> [Problem to solve]
The listing below should be printed exactly, every line of it. Skip the pictures.

> [Data]
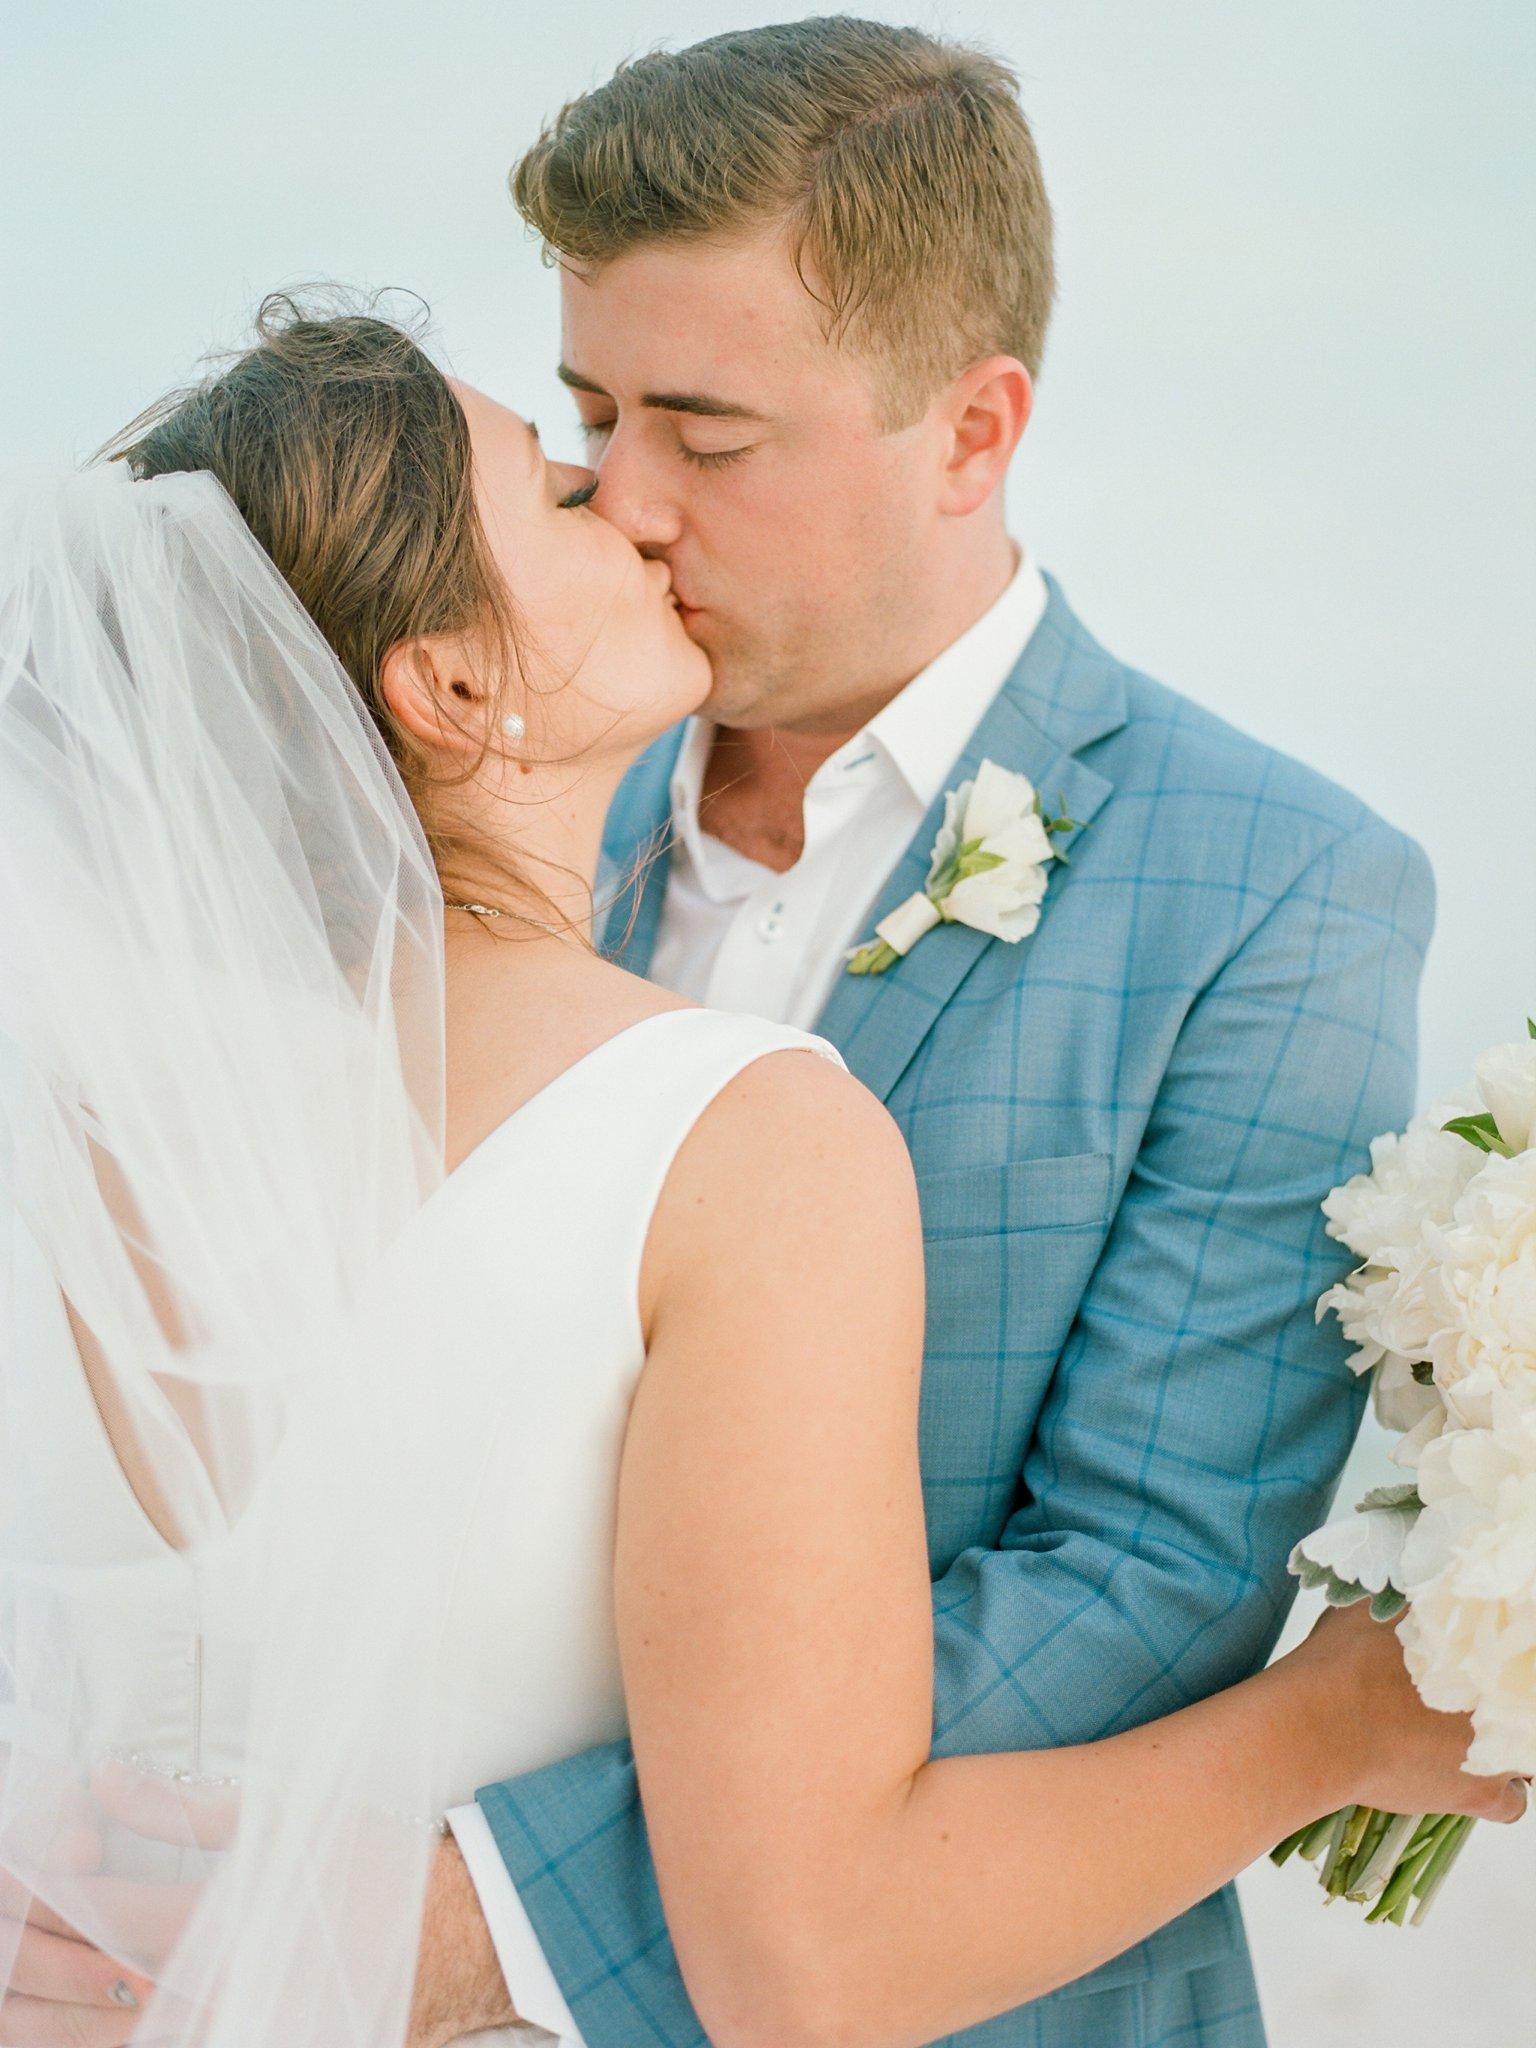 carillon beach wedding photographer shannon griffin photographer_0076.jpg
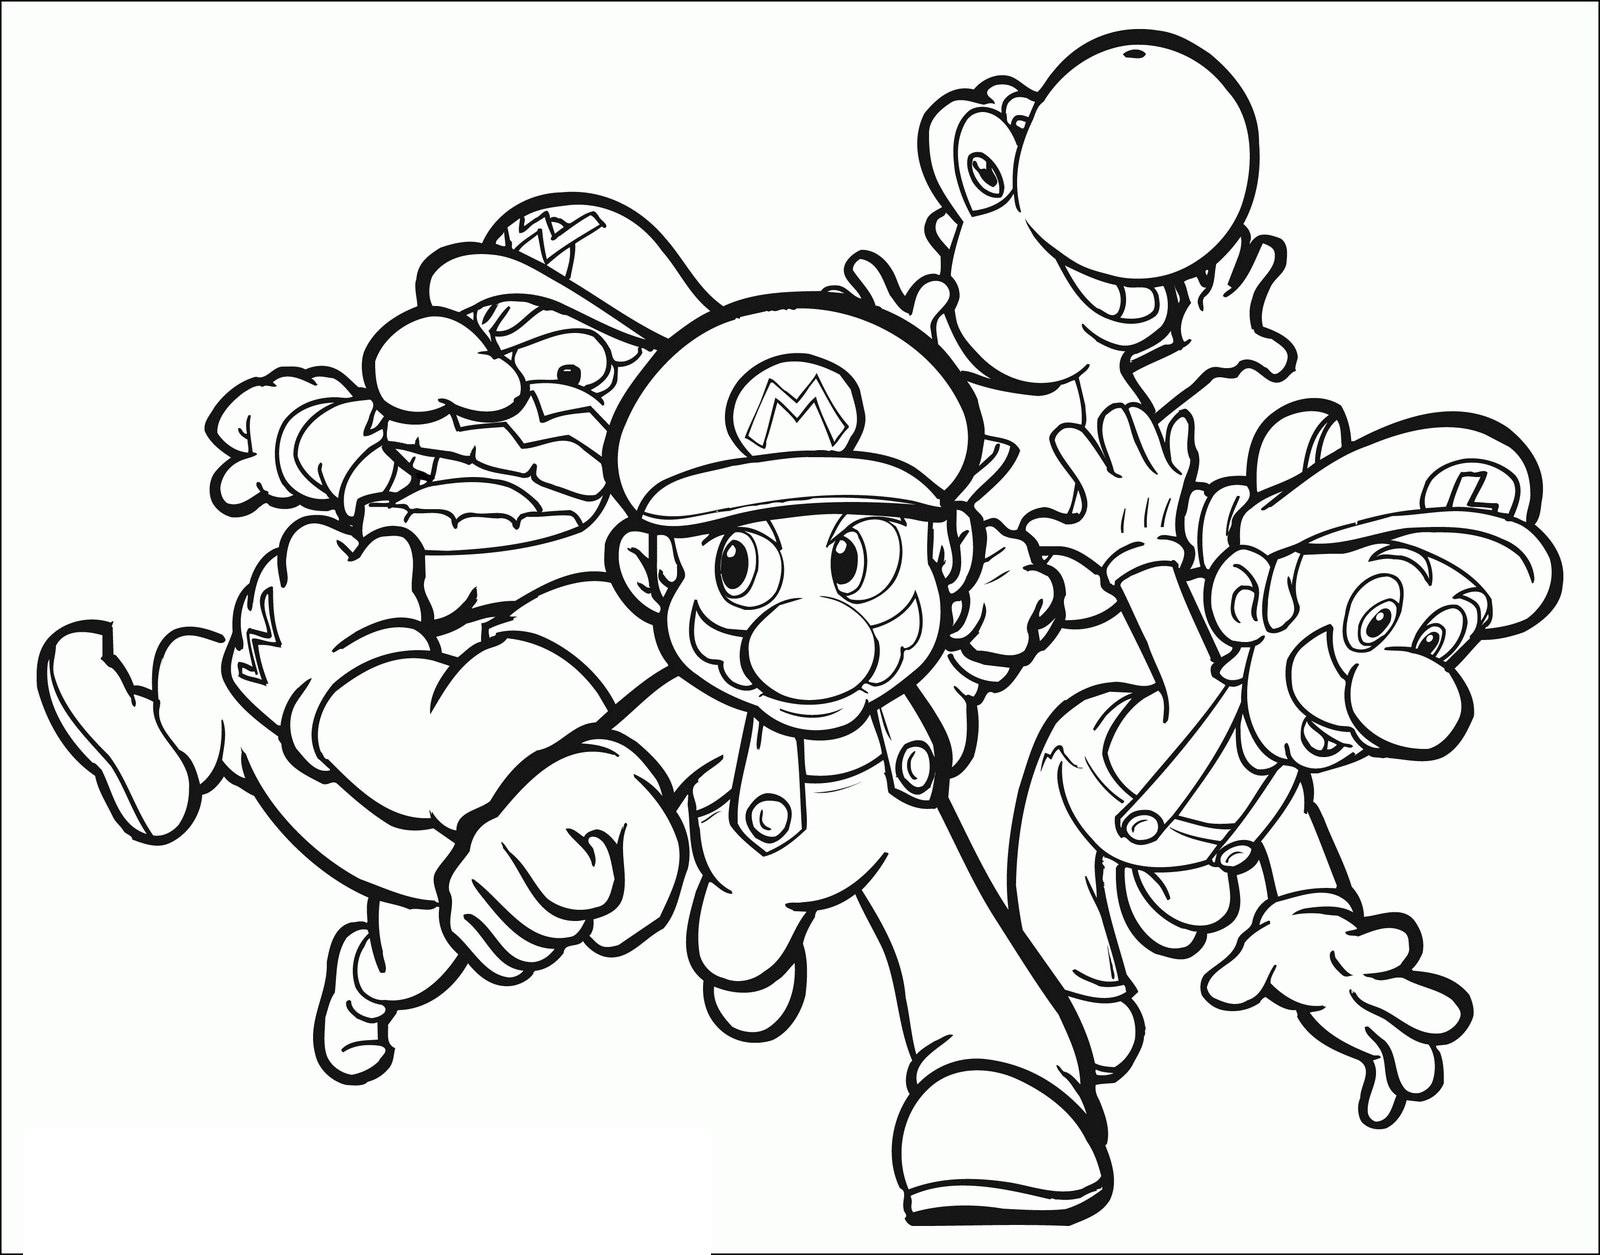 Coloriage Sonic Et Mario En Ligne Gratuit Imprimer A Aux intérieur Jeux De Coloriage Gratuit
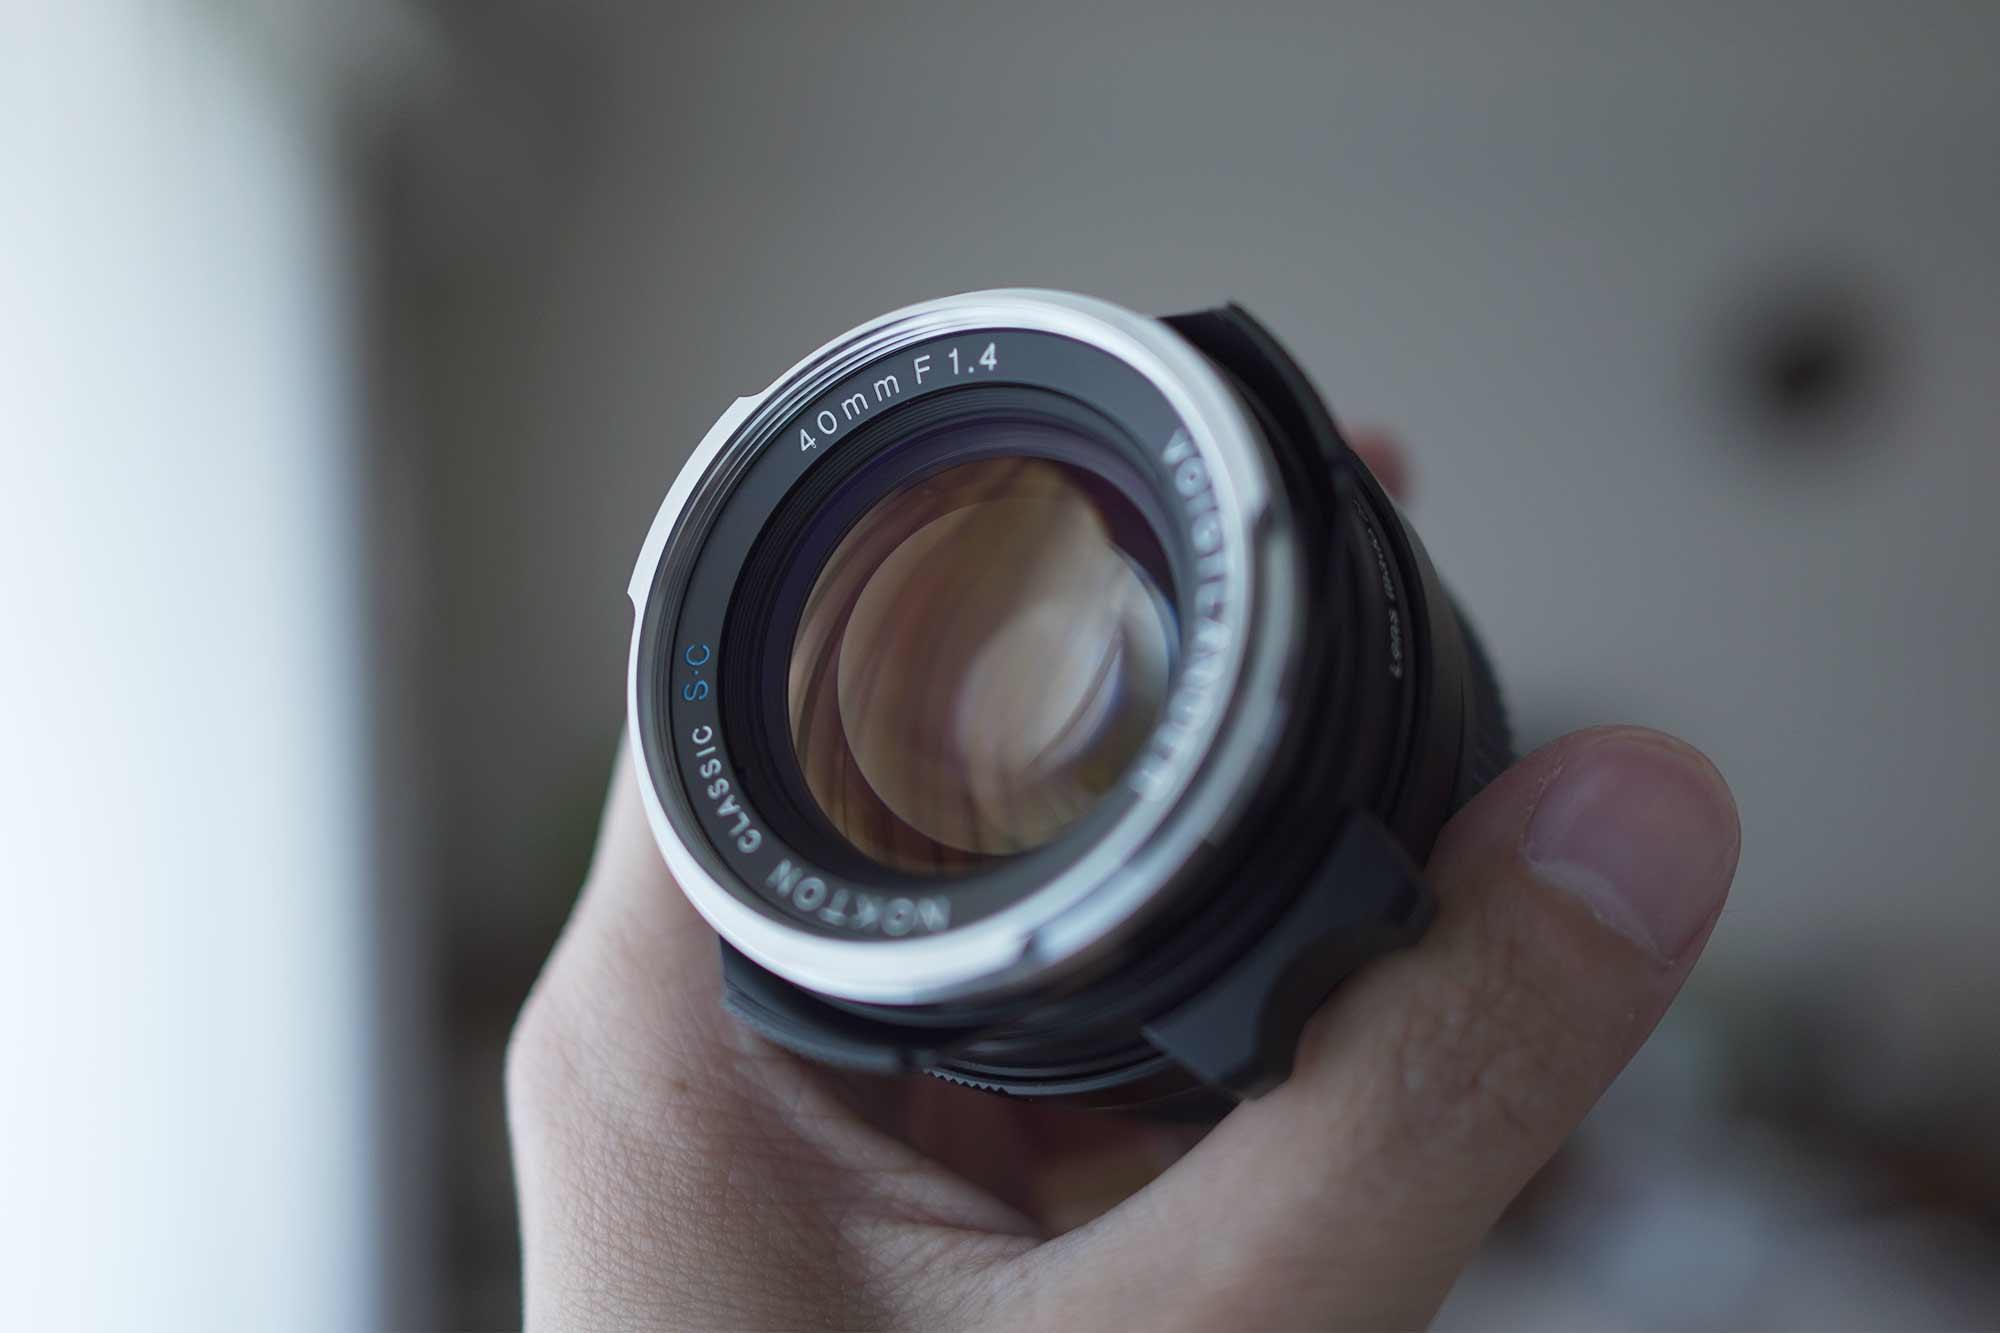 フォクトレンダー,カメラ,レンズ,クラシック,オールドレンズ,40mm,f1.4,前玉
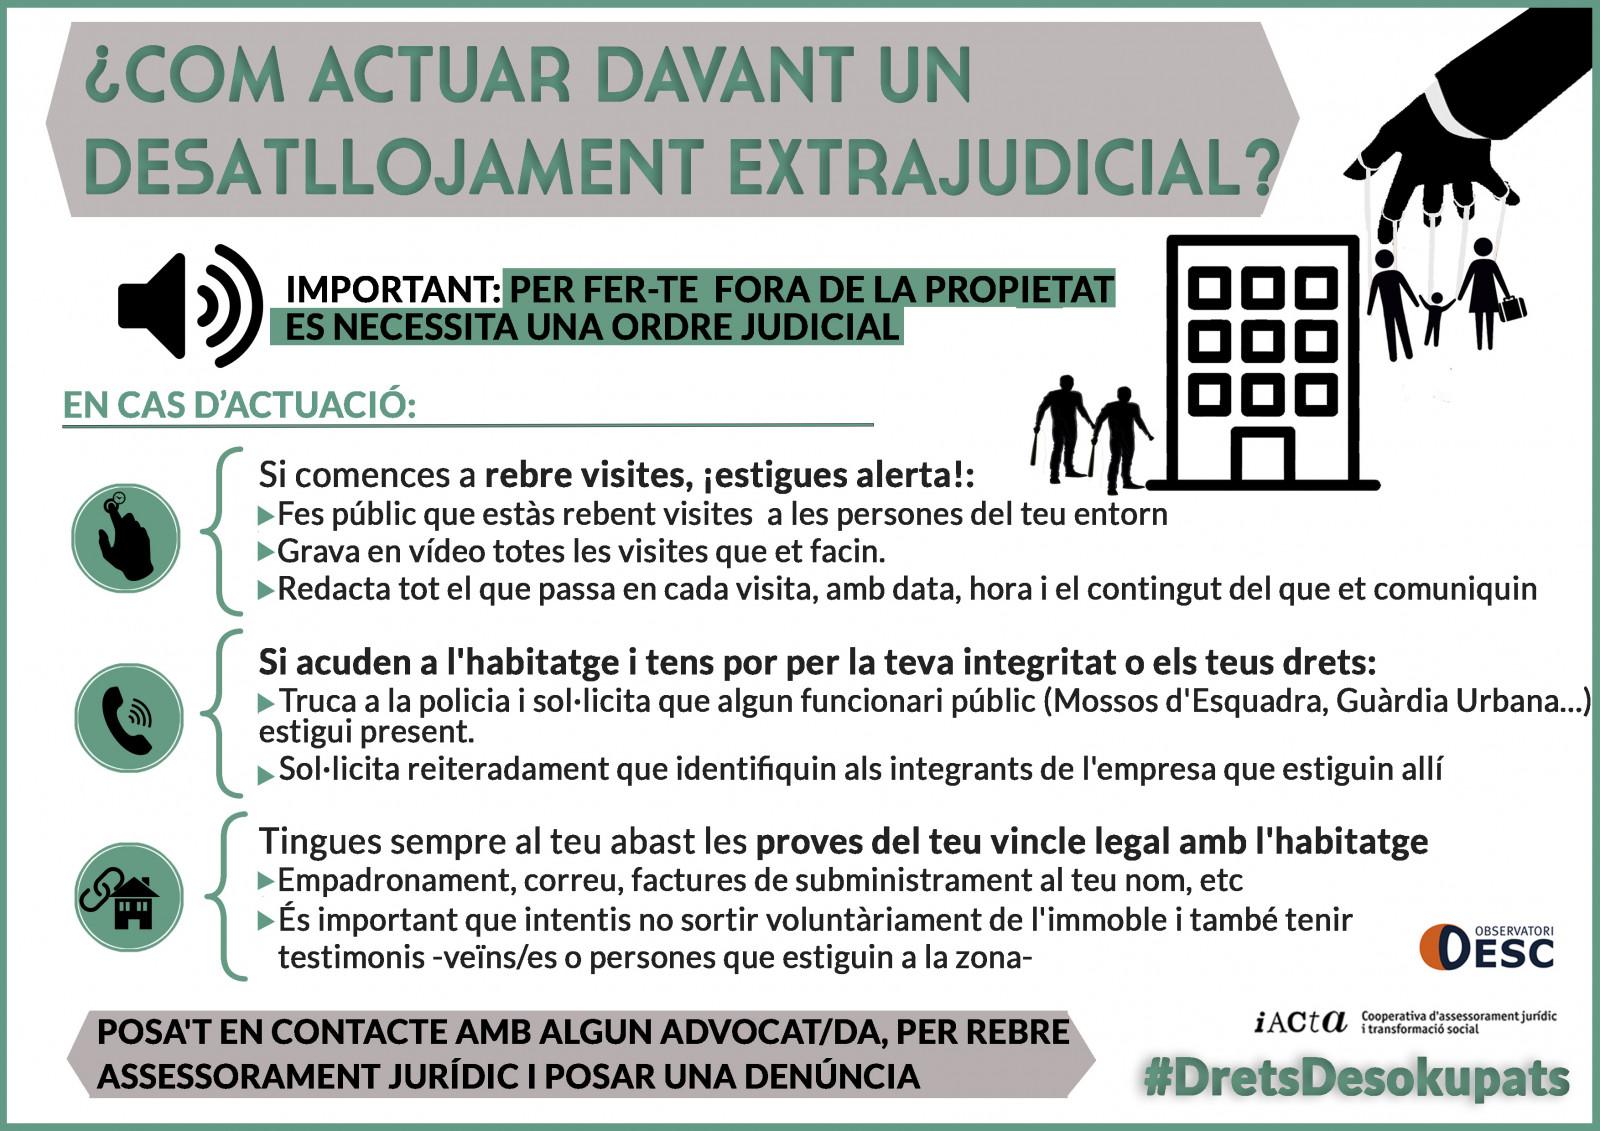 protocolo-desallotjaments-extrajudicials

> [Completed exercise]
 carillon beach wedding photographer shannon griffin photographer_0076.jpg
 Coloriage Sonic Et Mario En Ligne Gratuit Imprimer A Aux intérieur Jeux De Coloriage Gratuit
 フォクトレンダー,カメラ,レンズ,クラシック,オールドレンズ,40mm,f1.4,前玉
 protocolo-desallotjaments-extrajudicials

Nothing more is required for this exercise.